Reputation: 836
I encountered a bug where I couldn't match two seemingly 'identical' strings together. For example, the following two strings fail to match: "sample" and "sample".
To replicate the issue, one can run the following in Clojure.
(= "sample" "sample") ; returns false
After an hour of frustrated debugging, I discovered that there was a zero-width space at the front of the second string! Removing it from this particular example via a backspace is trivial. However I have a database of strings that I'm matching, and it seems like there are multiple strings facing this issue. My question is: is there a general method to trim zero-width spaces in Clojure?
Some method's I've tried:
(count (clojure.string/trim "abc")) ; returns 4
(count (clojure.string/replace "abc" #"\s" "")) ; returns 4
This thread Remove zero-width space characters from a JavaScript string does provide a solution with regular expressions that works in this example, i.e.
(count (clojure.string/replace "abc" #"[\u200B-\u200D\uFEFF]" "")) ; returns 3
However, as stated in the post itself, there are many other potential ascii characters that may be invisible. So I'm still interested if there's a more general method that doesn't rely on listing all possible invisible unicode symbols.
Upvotes: 6
Views: 2024
Reputation: 29966
The regex solution from @Rulle is very nice. The tupelo.chars namespace also has a collection of character classes and predicate functions that could be useful. They work in Clojure and ClojureScript, and also include the ^nbsp;
for browsers.

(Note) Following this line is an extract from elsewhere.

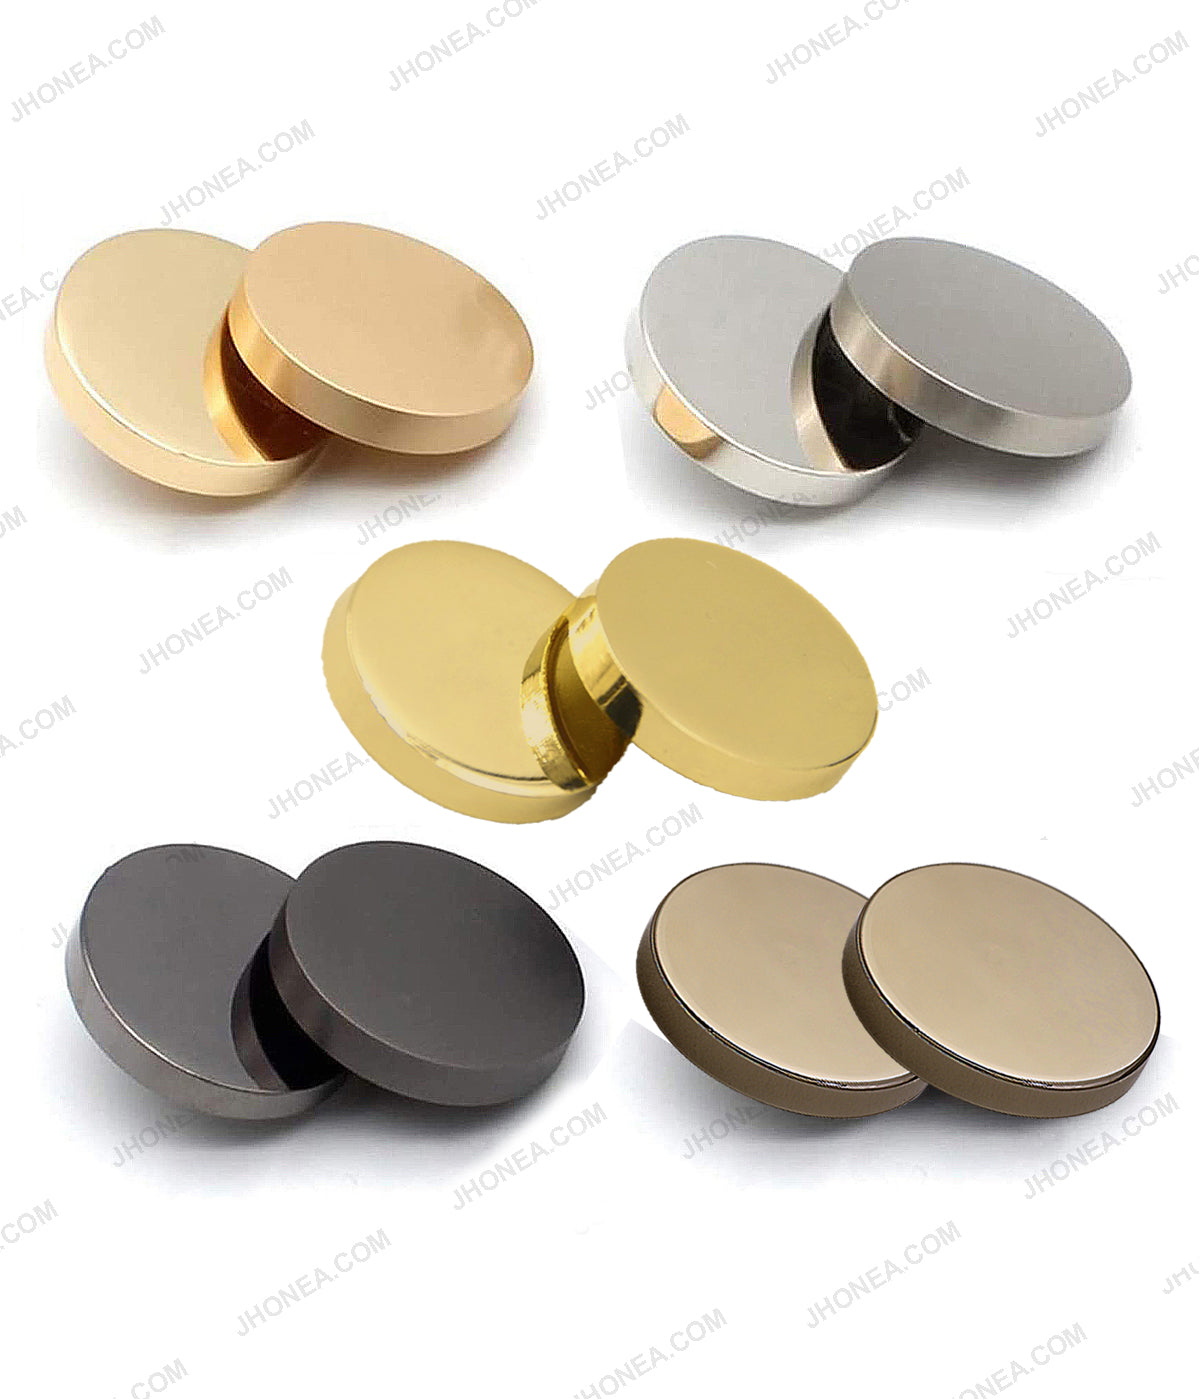 Buy Silver Metal Buttons Online in Wholesale on Jhonea – JHONEA
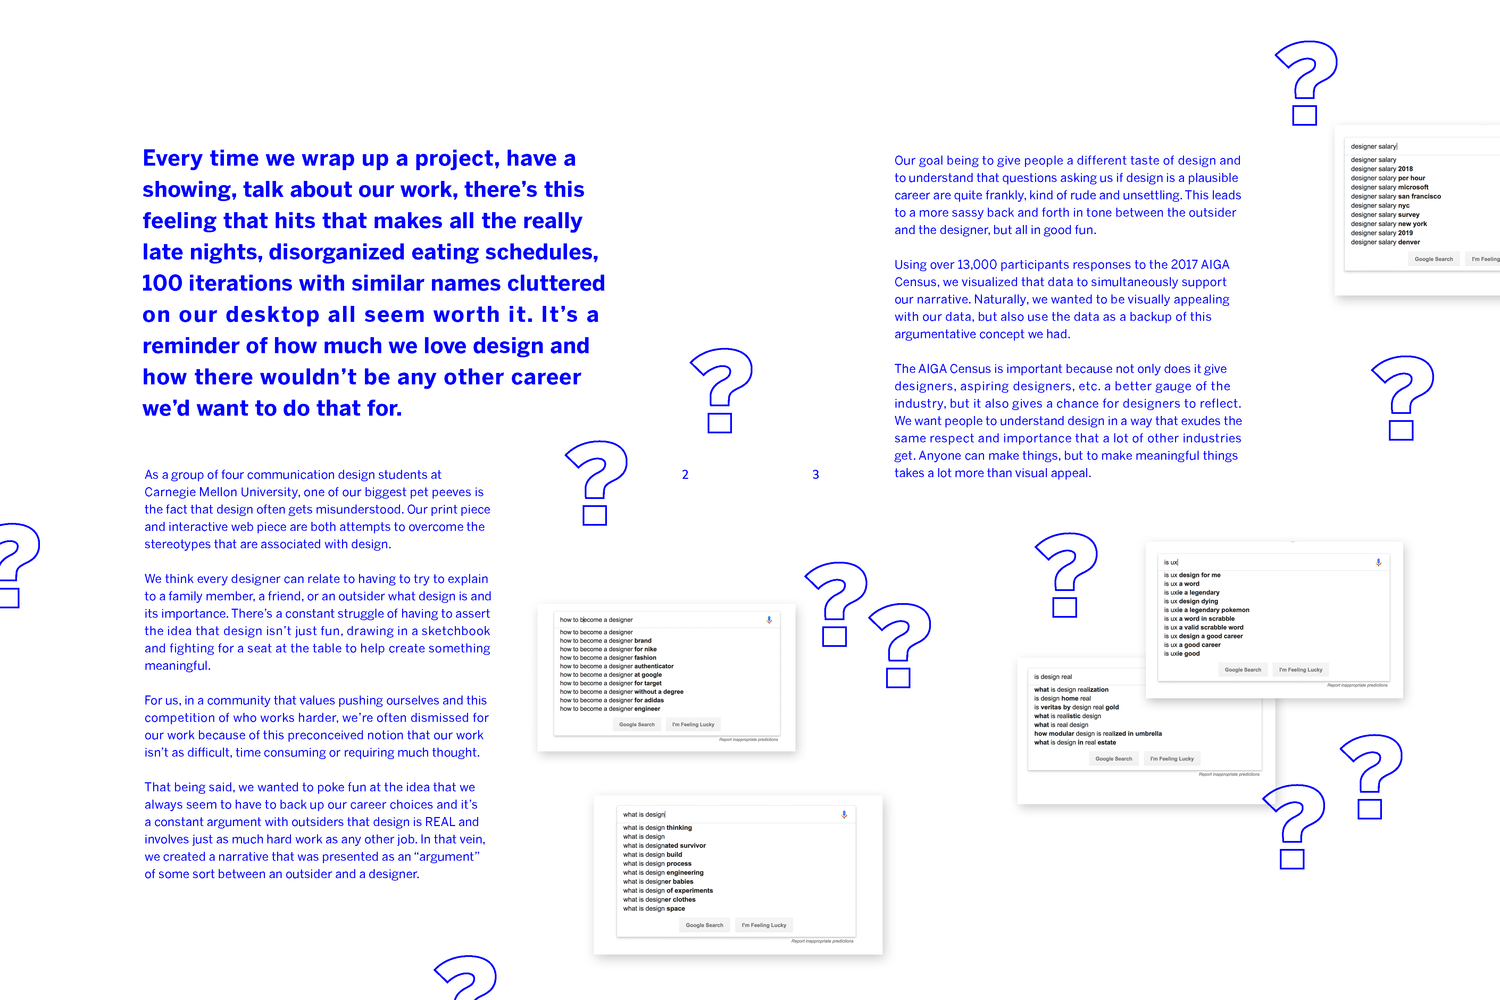 project1-aiga-spreads2.png

In particular, check out the visible? predicate.
The tupelo.string namespace also has a number of helper & convenience functions for string processing.
(ns tst.demo.core
(:use tupelo.core tupelo.test)
(:require
[tupelo.chars :as chars]
[tupelo.string :as str] ))
(def sss
"Some multi-line
string." )
(dotest
(println "result:")
(println
(str/join
(filterv
#(or (chars/visible? %)
(chars/whitespace? %))
sss))))
with result
result:
Some multi-line
string.
To use, make your project.clj
look like:
:dependencies [
[org.clojure/clojure "1.10.2-alpha1"]
[prismatic/schema "1.1.12"]
[tupelo "20.07.01"]
]
Upvotes: 1
Reputation: 4901
I believe, what you are referring to are so-called non-printable characters. Based on this answer in Java, you could pass the #"\p{C}"
regular expression as pattern to replace
:
(defn remove-non-printable-characters [x]
(clojure.string/replace x #"\p{C}" ""))
However, this will remove line breaks, e.g. \n
. So in order to keep those characters, we need a more complex regular expression:
(defn remove-non-printable-characters [x]
(clojure.string/replace x #"[\p{C}&&^(\S)]" ""))
This function will remove non-printable characters. Let's test it:
(= "sample" "sample")
;; => false
(= (remove-non-printable-characters "sample")
(remove-non-printable-characters "sample"))
;; => true
(remove-non-printable-characters "sam\nple")
;; => "sam\nple"
The \p{C}
pattern is discussed here.
Upvotes: 4